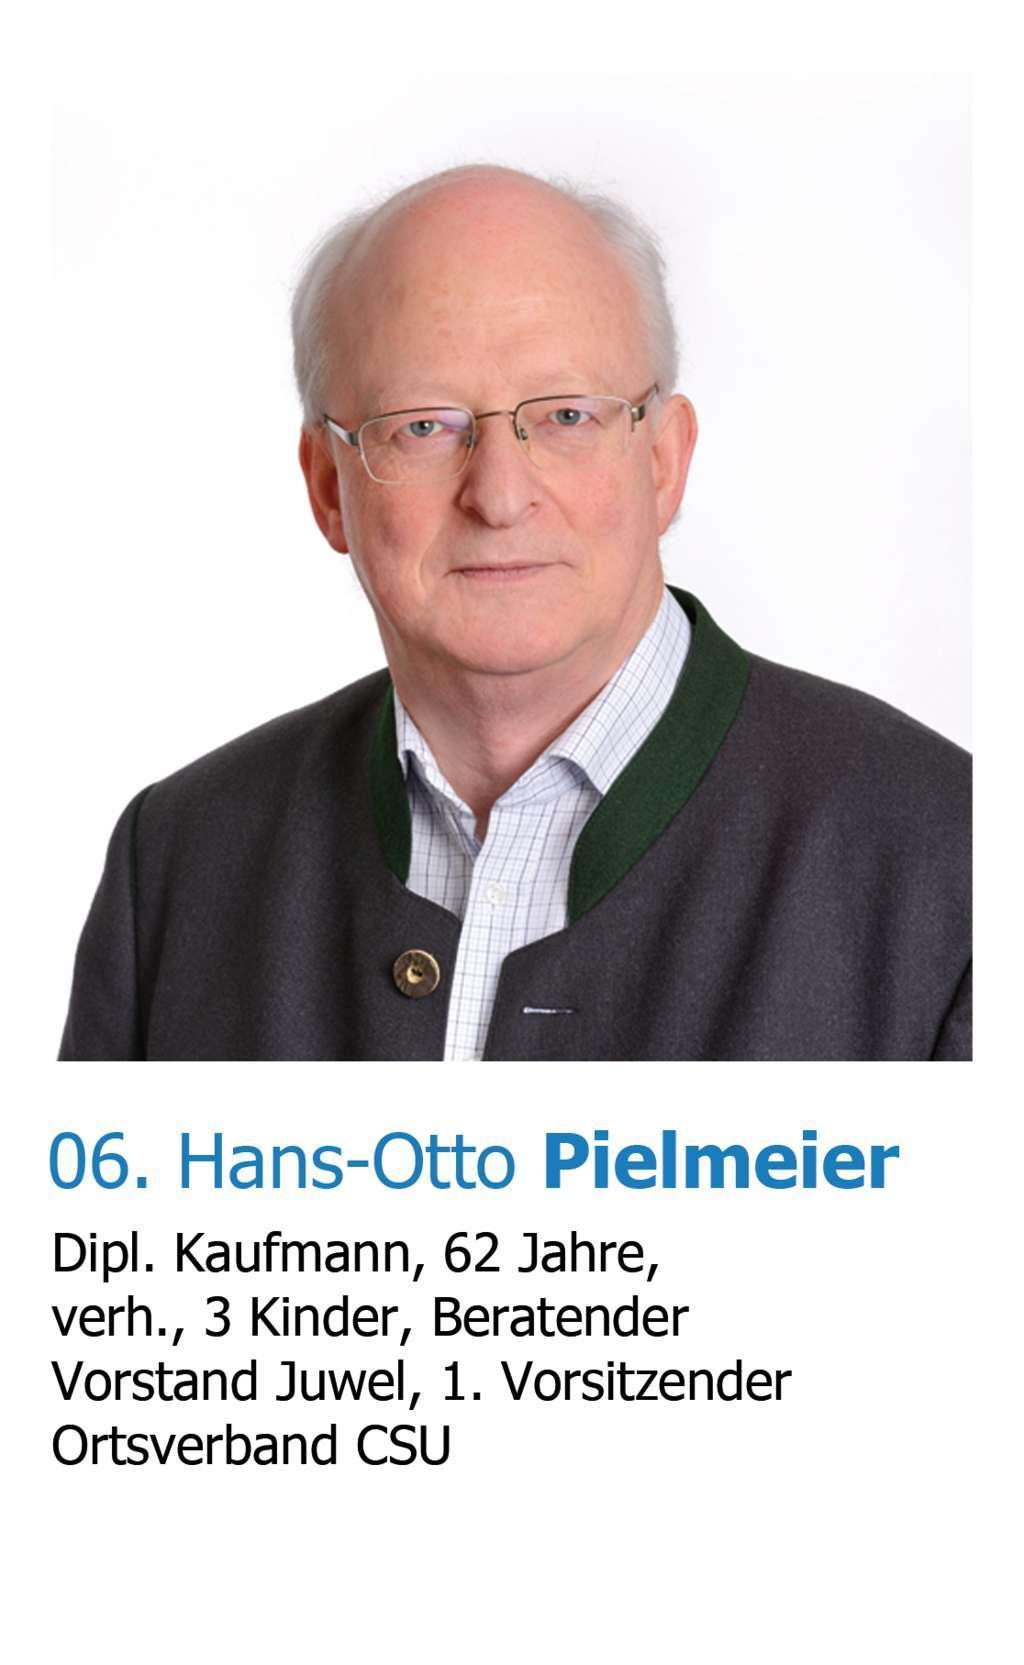 Has Otto Pielmeier
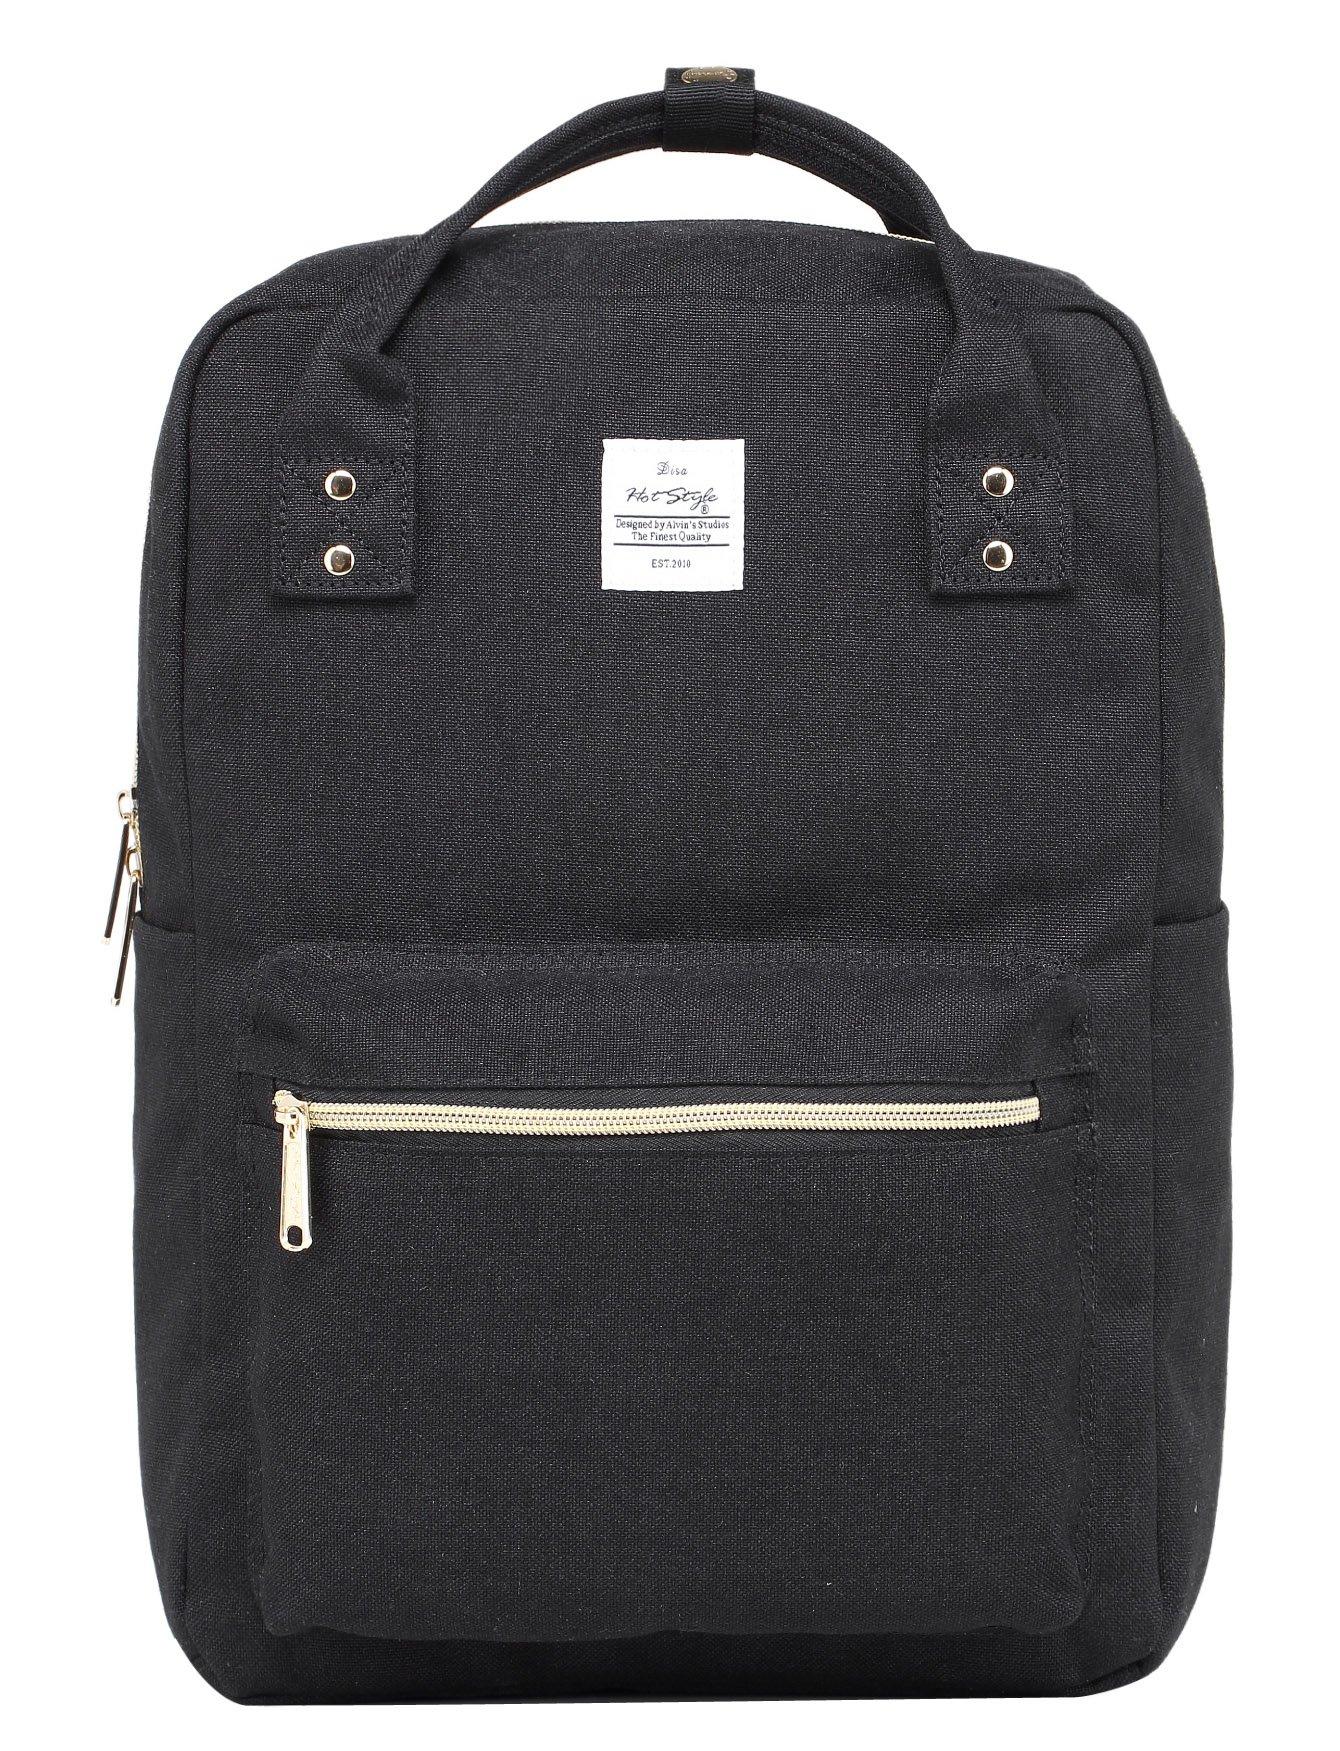 DISA Backpack Purse   Fits 15-inch MacBook   14.3''x10''x5.5''   Black
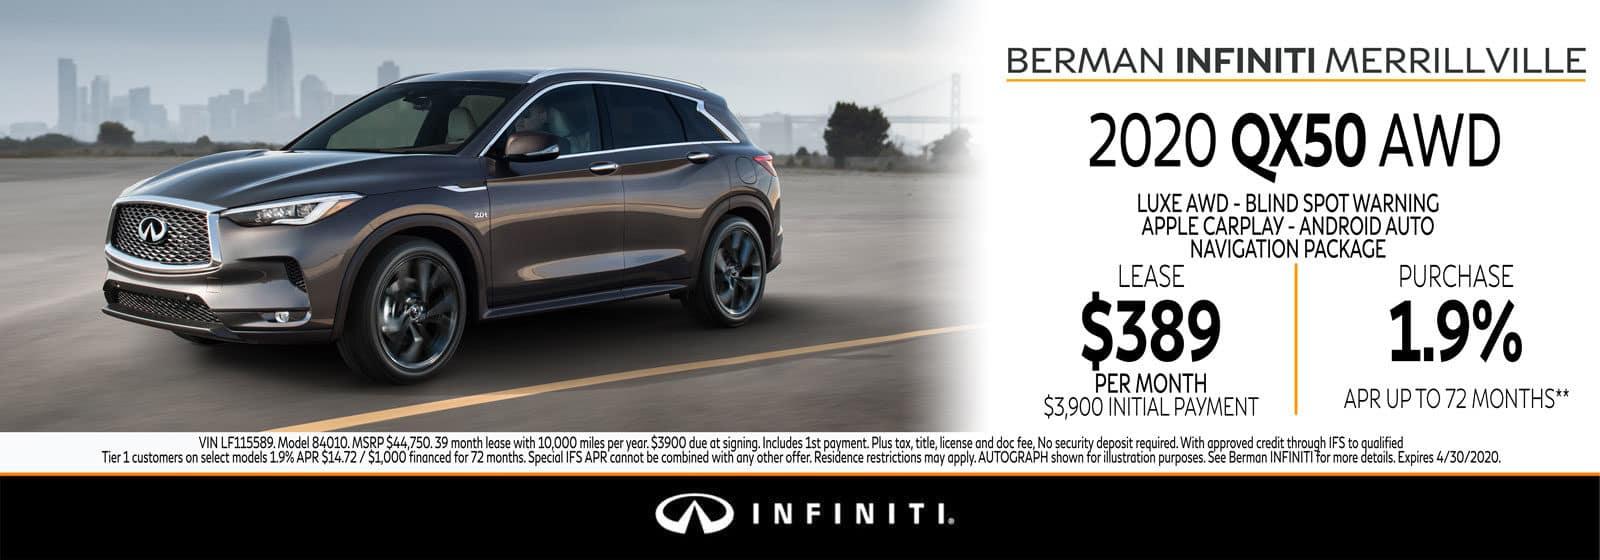 New 2020 INFINITI QX50 April Offer at Berman INFINITI of Merrillville!
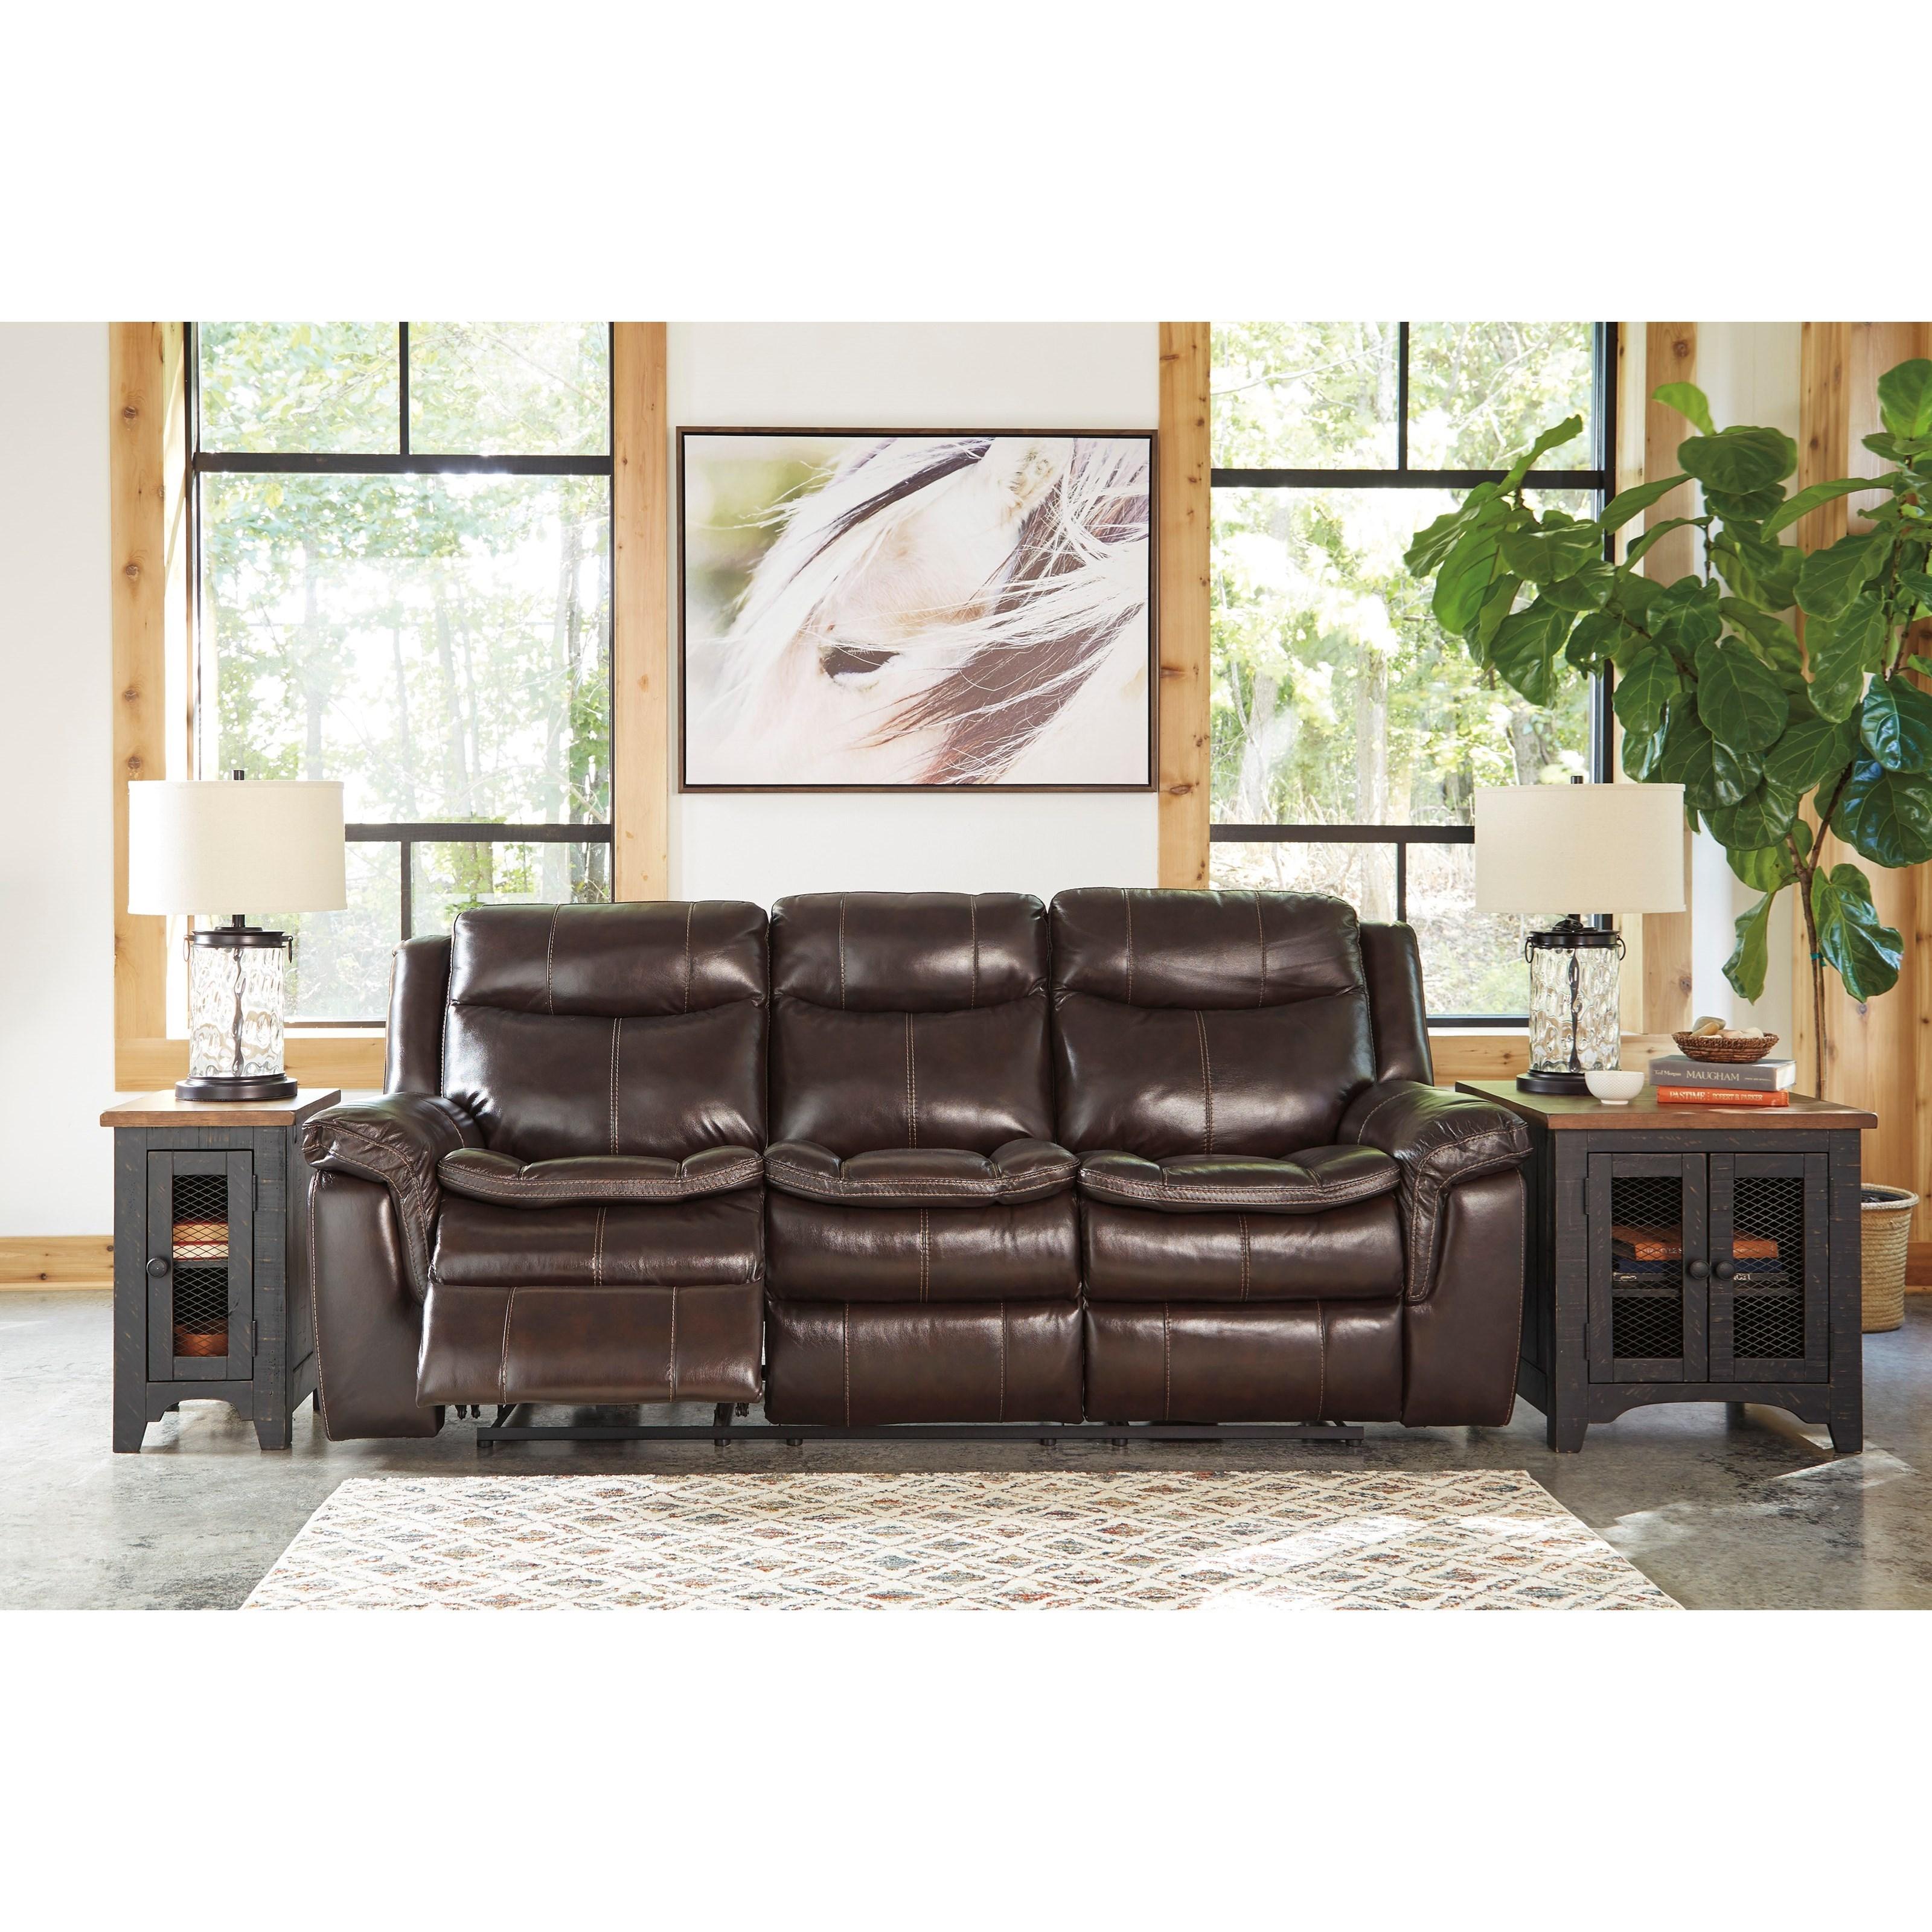 Ashley Furniture Manufacturer: Signature Design By Ashley Lockesburg Power Reclining Sofa
------------------------------------------------------------
TASK BRIEF: Pictures stay out. Copy exactly, and only, the lines from the one containing "DISA Backpack Purse" through the end of the data.

YOUR SOLUTION:
 DISA Backpack Purse   Fits 15-inch MacBook   14.3''x10''x5.5''   Black
 New 2020 INFINITI QX50 April Offer at Berman INFINITI of Merrillville!
 Ashley Furniture Manufacturer: Signature Design By Ashley Lockesburg Power Reclining Sofa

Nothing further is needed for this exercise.